The <pl-external-grader-results> element is capable of rendering a list of tests with associated test names, descriptions, point values, output, and messages. Here's an example of well-formed results that can be rendered by this element:

{
  "gradable": true,
  "score": 0.25,
  "message": "Tests completed successfully.",
  "output": "Running tests...\nTest 1 passed\nTest 2 failed!\n...",
  "images": [
    {
      "label": "First Image",
      "url": "data:image/png;base64,..."
    },
    {
      "label": "Second Image",
      "url": "data:image/jpeg;base64,..."
    }
  ],
  "tests": [
    {
      "name": "Test 1",
      "description": "Tests that a thing does a thing.",
      "points": 1,
      "max_points": 1,
      "message": "No errors!",
      "output": "Running test...\nYour output matched the expected output!"
    },
    {
      "name": "Test 2",
      "description": "Like Test 1, but harder, you'll probably fail it.",
      "points": 0,
      "max_points": 3,
      "message": "Make sure that your code is doing the thing correctly.",
      "output": "Running test...\nYour output did not match the expected output.",
      "images": [
        {
          "label": "First Image",
          "url": "data:image/gif;base64,..."
        },
        {
          "label": "First Image",
          "url": "data:image/png;base64,..."
        }
      ]
    }
  ]
}

Plots or images can be added to either individual test cases or to the main output by adding base64 encoded images to their respective images array, as listed in the examples above, provided the resulting file respects the size limit of 1MB listed above. Each element of the array is expected to be either an object containing the following keys:

  • url: The source of the image, typically formatted as standard HTML base64 image like "data:[mimetype];base64,[contents]";
  • label: An optional label for the image (defaults to "Figure").

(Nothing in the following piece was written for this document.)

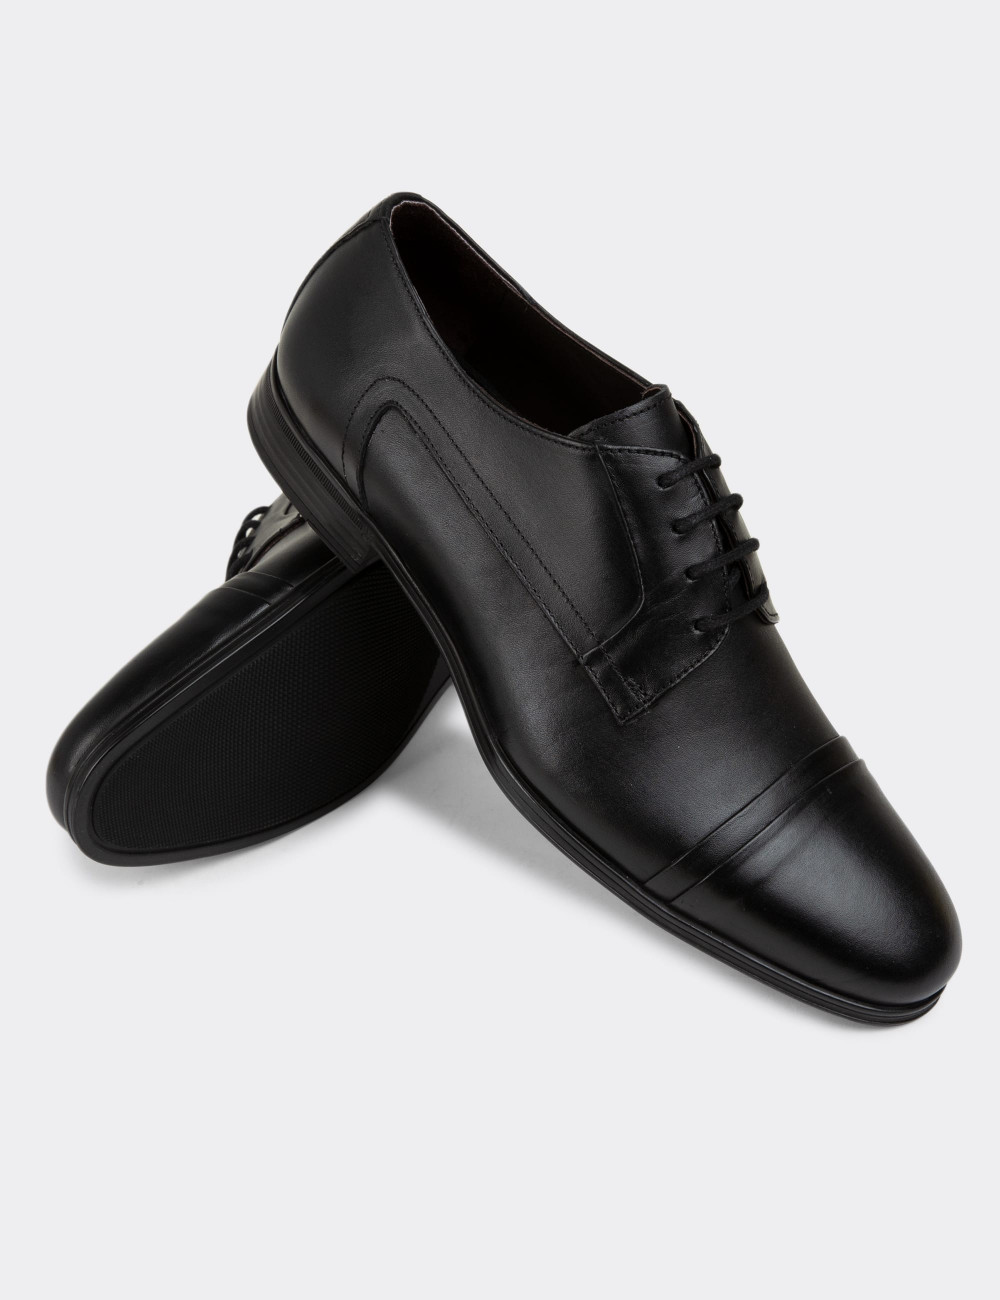 Hakiki Deri Siyah Klasik Erkek Ayakkabı - 01943MSYHC01

For compatibility with older versions of external graders, the object may be replaced with a string containing only the URL.

A reference Python implementation for this can be seen in PrairieLearn/graders/python/python_autograder, and relevant documentation here.

Writing questions

To enable students to submit files, you can use one of PrairieLearn's file elements. <pl-file-editor> gives students an in-browser editor that they can use to write code. <pl-file-upload> allows students to upload files from their own computer. For examples of both style of question, you can look at PrairieLearn/exampleCourse/questions/fibonacciEditor and PrairieLearn/exampleCourse/questions/fibonacciUpload. For questions using workspaces, the gradedFiles option identifies workspace files that will be made available to the external grader.

If you want to write your own submission mechanism (as a custom element, for instance), you can do that as well. We expect files to be present in a _files array on the submitted_answers dict. They should be represented as objects containing the name of the file and base-64 encoded contents. Here's an example of a well-formed _files array:

"_files": [
    {
        "name": "fib.py",
        "contents": "ZGVmIGZpYihuKToNCiAgaWYgKG4gPT0gMCk6DQogICAgICByZXR1cm4gMA0KICBlbGlmIChuID09IDEpOg0KICAgICAgcmV0dXJuIDENCiAgZWxzZToNCiAgICAgIHJldHVybiBmaWIobiAtIDEpICsgZmliKG4gLSAyKQ=="
    }, {
        "name": "anotherFile.py",
        "contents": "base64EncodedFileGoesHere"
    }
]

For a working example of this, see the implementation of pl-file-upload.

Running locally for development

In order to run external graders in a local Docker environment, the docker command must include options that support the creation of local "sibling" containers. Detailed instructions on how to run Docker can be found in the installation instructions.

When not running in Docker, things are easier. The Docker socket can be used normally, and we're able to store job files automatically without setting HOST_JOBS_DIR. By default, they are stored in $HOME/.pljobs on Unix-based systems and $USERPROFILE/.pljobs on Windows. However, if you run PrairieLearn with an environment variable JOBS_DIR=/abs/path/to/my/custom/jobs/directory/, that directory will be used instead. Note that this environment variable has no effect when running on Docker, in which case the jobs directory is specified using HOST_JOBS_DIR instead of JOBS_DIR.